A few weekends ago, Crazy was on his scooter and went flying by this stretch of the road (on the sidewalk of course), and registered 12 km per hour. There were no cars, this really was my crazy son. This morning we went for a walk, but didn’t make it too far because Hubby and Crazy took turns running down the sidewalk as fast as they could over this stretch to see how fast they could run. Crazy had a personal best of 10 km/h, and Hubby 20 km/h. Note: if you run on the right most side of the sidewalk, the radar doesn’t see you.
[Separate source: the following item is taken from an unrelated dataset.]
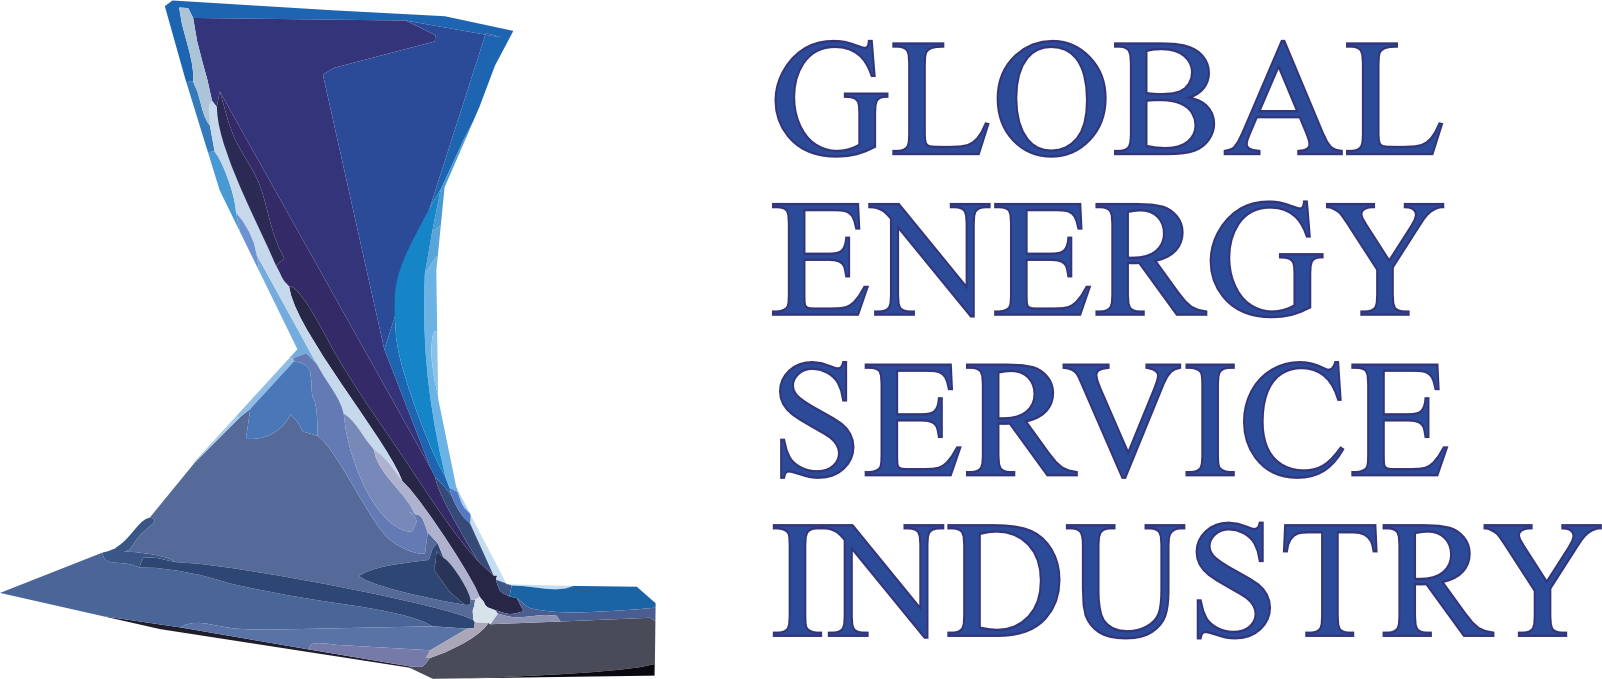 Global Energy Service Industry

This was the sad lesson Hubby had to learn when he gave it his all in a final attempt to break into the 20s.

How will Santa get to us?

I am a huge fan of everything Christmas, except actual Christmas Day ( for another post). I have managed to get Crazy into the same kind of crazy Christmas mood as myself. He and I have read Christmas books, made decorations and watched wonderful Christmas movies pretty much since his birthday mid-November. This past week however, he was quite concerned about the fact that we have no fireplace, and so there was no way for Santa to get to us. To right this wrong, all four of us sat down and made one (I am sucking Hubby and Squishy into my Christmas decorating frenzy as well – queue evil laugh).

This way Santa will be able to make it to our house.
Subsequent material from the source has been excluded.